Extracted material:
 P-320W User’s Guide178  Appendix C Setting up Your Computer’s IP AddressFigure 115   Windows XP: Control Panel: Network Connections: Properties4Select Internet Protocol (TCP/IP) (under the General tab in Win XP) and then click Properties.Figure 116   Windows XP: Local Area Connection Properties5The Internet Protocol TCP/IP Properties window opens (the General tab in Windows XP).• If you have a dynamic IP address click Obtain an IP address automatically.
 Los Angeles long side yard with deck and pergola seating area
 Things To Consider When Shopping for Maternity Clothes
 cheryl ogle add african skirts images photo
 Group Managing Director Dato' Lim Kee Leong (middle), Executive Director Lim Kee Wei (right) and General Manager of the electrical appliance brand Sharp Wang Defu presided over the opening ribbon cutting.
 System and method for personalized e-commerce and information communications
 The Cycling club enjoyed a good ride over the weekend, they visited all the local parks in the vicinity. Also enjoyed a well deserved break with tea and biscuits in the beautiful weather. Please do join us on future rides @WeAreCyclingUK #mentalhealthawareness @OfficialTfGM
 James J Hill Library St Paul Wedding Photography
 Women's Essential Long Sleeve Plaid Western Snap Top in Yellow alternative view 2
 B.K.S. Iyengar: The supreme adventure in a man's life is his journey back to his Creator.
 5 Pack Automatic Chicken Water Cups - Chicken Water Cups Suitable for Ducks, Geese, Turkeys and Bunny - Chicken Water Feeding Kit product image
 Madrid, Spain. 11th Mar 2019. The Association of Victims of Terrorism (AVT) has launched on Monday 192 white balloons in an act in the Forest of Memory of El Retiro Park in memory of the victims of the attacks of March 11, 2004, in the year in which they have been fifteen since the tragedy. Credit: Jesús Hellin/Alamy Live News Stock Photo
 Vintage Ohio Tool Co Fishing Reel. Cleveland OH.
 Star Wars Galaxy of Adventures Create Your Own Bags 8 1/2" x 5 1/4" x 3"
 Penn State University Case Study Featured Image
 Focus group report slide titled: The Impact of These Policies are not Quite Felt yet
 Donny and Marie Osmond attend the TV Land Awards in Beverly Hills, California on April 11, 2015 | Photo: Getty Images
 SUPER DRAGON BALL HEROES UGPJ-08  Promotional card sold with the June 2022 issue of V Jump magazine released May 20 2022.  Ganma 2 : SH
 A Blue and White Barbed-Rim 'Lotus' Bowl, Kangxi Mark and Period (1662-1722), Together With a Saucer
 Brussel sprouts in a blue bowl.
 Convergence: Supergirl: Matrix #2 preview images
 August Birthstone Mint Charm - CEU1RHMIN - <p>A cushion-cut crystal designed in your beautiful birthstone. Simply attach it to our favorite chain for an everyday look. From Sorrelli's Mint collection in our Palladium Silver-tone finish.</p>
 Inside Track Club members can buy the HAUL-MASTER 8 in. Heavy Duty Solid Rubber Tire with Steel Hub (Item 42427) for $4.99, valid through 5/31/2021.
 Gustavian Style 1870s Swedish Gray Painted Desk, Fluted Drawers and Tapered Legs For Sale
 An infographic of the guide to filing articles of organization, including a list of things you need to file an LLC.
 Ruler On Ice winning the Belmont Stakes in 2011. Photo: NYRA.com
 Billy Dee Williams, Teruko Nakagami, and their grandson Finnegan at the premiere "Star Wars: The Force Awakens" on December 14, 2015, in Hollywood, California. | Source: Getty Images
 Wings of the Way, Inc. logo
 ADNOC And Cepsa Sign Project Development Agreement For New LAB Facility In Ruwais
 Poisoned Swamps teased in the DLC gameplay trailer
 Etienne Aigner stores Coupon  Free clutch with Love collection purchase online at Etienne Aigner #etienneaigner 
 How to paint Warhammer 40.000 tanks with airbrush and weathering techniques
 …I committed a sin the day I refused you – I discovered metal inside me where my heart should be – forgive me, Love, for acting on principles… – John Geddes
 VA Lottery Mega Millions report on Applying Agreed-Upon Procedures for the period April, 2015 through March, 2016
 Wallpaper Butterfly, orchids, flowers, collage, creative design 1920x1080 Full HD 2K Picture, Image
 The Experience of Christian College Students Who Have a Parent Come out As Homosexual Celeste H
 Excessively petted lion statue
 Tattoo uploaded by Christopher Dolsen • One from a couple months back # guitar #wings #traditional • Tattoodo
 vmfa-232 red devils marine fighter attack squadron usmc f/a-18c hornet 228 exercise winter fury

The task: Give back exactly the lines of the listing above that run from the line with "Inside Track Club" to the line with "The Experience of", inclusive.

Answer:
 Inside Track Club members can buy the HAUL-MASTER 8 in. Heavy Duty Solid Rubber Tire with Steel Hub (Item 42427) for $4.99, valid through 5/31/2021.
 Gustavian Style 1870s Swedish Gray Painted Desk, Fluted Drawers and Tapered Legs For Sale
 An infographic of the guide to filing articles of organization, including a list of things you need to file an LLC.
 Ruler On Ice winning the Belmont Stakes in 2011. Photo: NYRA.com
 Billy Dee Williams, Teruko Nakagami, and their grandson Finnegan at the premiere "Star Wars: The Force Awakens" on December 14, 2015, in Hollywood, California. | Source: Getty Images
 Wings of the Way, Inc. logo
 ADNOC And Cepsa Sign Project Development Agreement For New LAB Facility In Ruwais
 Poisoned Swamps teased in the DLC gameplay trailer
 Etienne Aigner stores Coupon  Free clutch with Love collection purchase online at Etienne Aigner #etienneaigner 
 How to paint Warhammer 40.000 tanks with airbrush and weathering techniques
 …I committed a sin the day I refused you – I discovered metal inside me where my heart should be – forgive me, Love, for acting on principles… – John Geddes
 VA Lottery Mega Millions report on Applying Agreed-Upon Procedures for the period April, 2015 through March, 2016
 Wallpaper Butterfly, orchids, flowers, collage, creative design 1920x1080 Full HD 2K Picture, Image
 The Experience of Christian College Students Who Have a Parent Come out As Homosexual Celeste H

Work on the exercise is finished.